Handy? Tick. Tasty? Sometimes. Healthy? Not always. HFG helps you heat up the healthiest, frozen ready-made meals.
Frozen meals are an easy way to save time and energy on busy weeknights. But while they may be convenient, not all of them meet the good-for-you criteria. So, if you fancy a handy frozen dinner, here’s what you need to know to enjoy a healthier microwave meal.
From gourmet risottos and Asian stir-fries to traditional meat and three veg meals, you name it, you’ll find it in the freezer section of your local supermarket. HFG takes a look at what’s on offer.
Portion controlled ready meals
If you’re trying to lose weight, you might have sampled the large range of portion-controlled frozen meals available nowadays. While these dinners are light on kilojoules/calories, they can be low in hunger-busting protein and high in sodium, which is bad news for heart health.
Health-centric ready meals
Edamame beans, pepitas, kale, chia seeds, freekeh… You no longer have to scour the shelves of your local health food store for these trendy ingredients as they are often included in mainstream frozen meals. But buyer beware: meals made with these healthy ingredients can still be high in saturated fat and sodium.
The meat-free trend has made its way into convenient ready-made meals, too, but just because something is ‘plant-based’ doesn’t mean it’s automatically healthy. Meat-free meals can be particularly high in sodium due to the addition of salty meat alternatives, such as ‘chickenless’ chicken, plant-based meatballs and ‘non’ burgers.

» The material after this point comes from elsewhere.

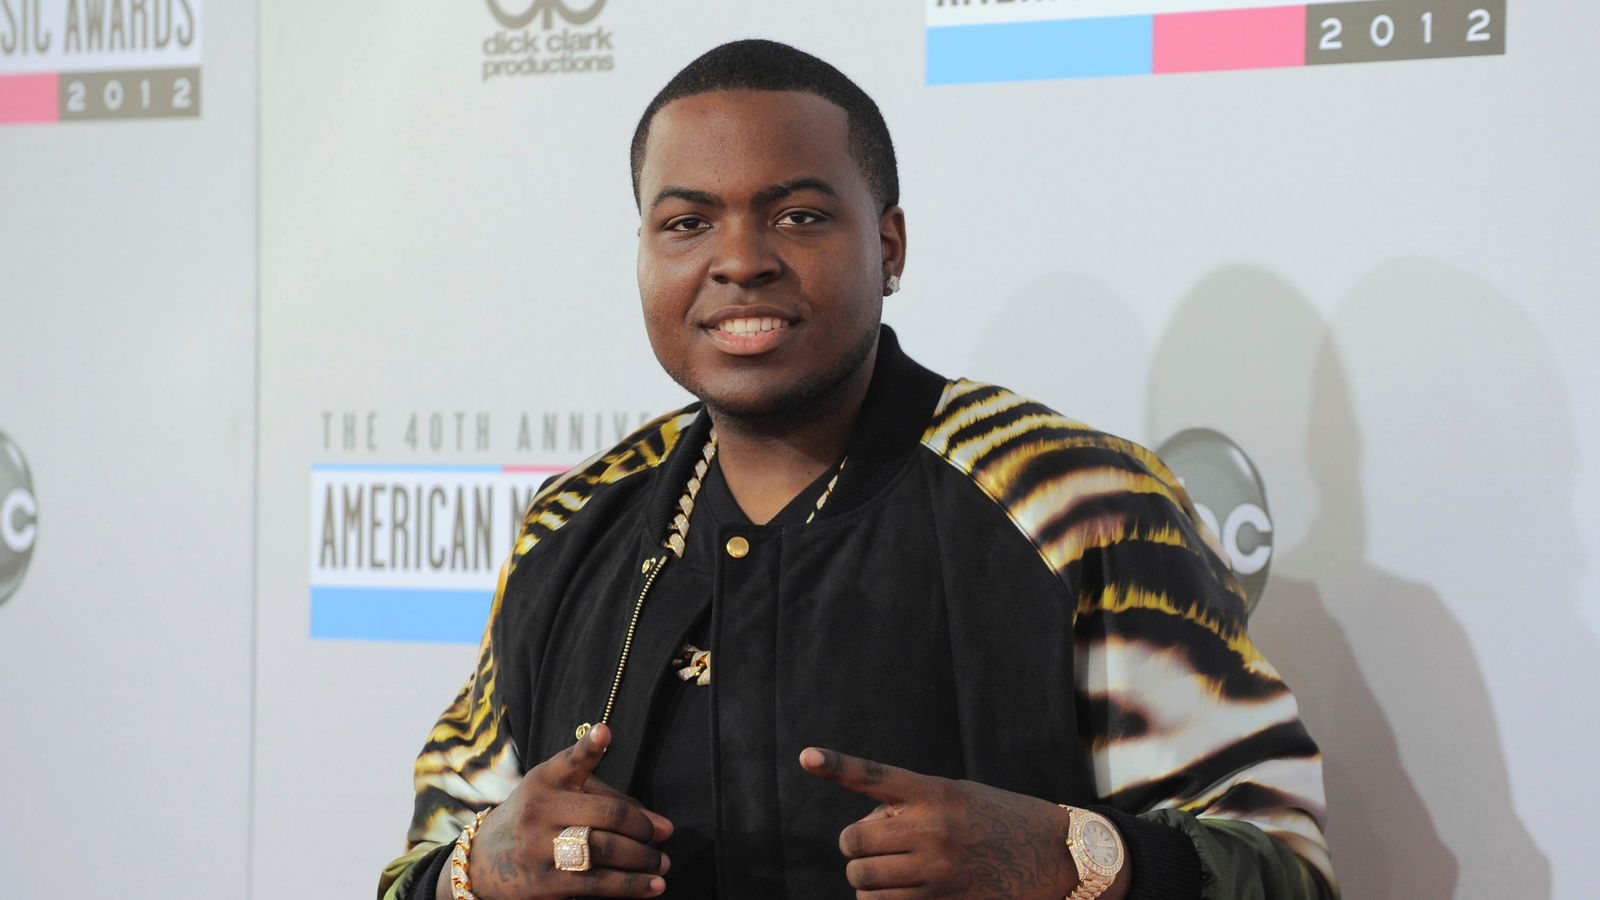 Sean Kingston's home raided 'over 0,000 TV payment' - as his mother arrested

You’ll find plenty of home-style favourites in the supermarket freezer section, such as macaroni cheese, chicken parmigiana and beef lasagne. Depending on the manufacturer, these meals can be packed with excessive kilojoules/calories and, like most frozen meals, be high in sodium and saturated fat as well.
Fitness-focused frozen meals
High-protein meals help to build lean muscle mass and keep you feeling full for longer, so these options are a wise idea. As a general rule of thumb, fitness-focused meals are the best of the frozen meal bunch, but you should still check the label for added salt, sugars and fat.
What about frozen pizzas?
Just like ready-made meals, there’s a lot of variation among frozen pizza slices. Pizzas topped with processed meats such as ham, salami and prosciutto tend to contain the most saturated fat and sodium. Vegetarian and seafood pizzas can be slightly healthier choices. If your go-to convenient meal is a whole frozen pizza, a healthier option is to split it between a few dinner buddies and serve with a homemade salad.
Convenient cuisine checkpoints
For a healthier, dietitian-approved frozen dinner, look for the following on nutrition labels at the back of the box:
- A simple ingredients list made up of real, whole foods.
- Around 1700kJ (400cal) per serve or less to keep portion size in check.
- At least 15g protein per serve. Protein satisfies a grumbling tummy for longer than a low-protein meal.
- Less than 5g saturated fat per serve to keep your ticker healthy. Creamy sauces and processed meats, like bacon and sausages, can ramp up the saturated fat content.
- Less than 700mg sodium per serve for heart health.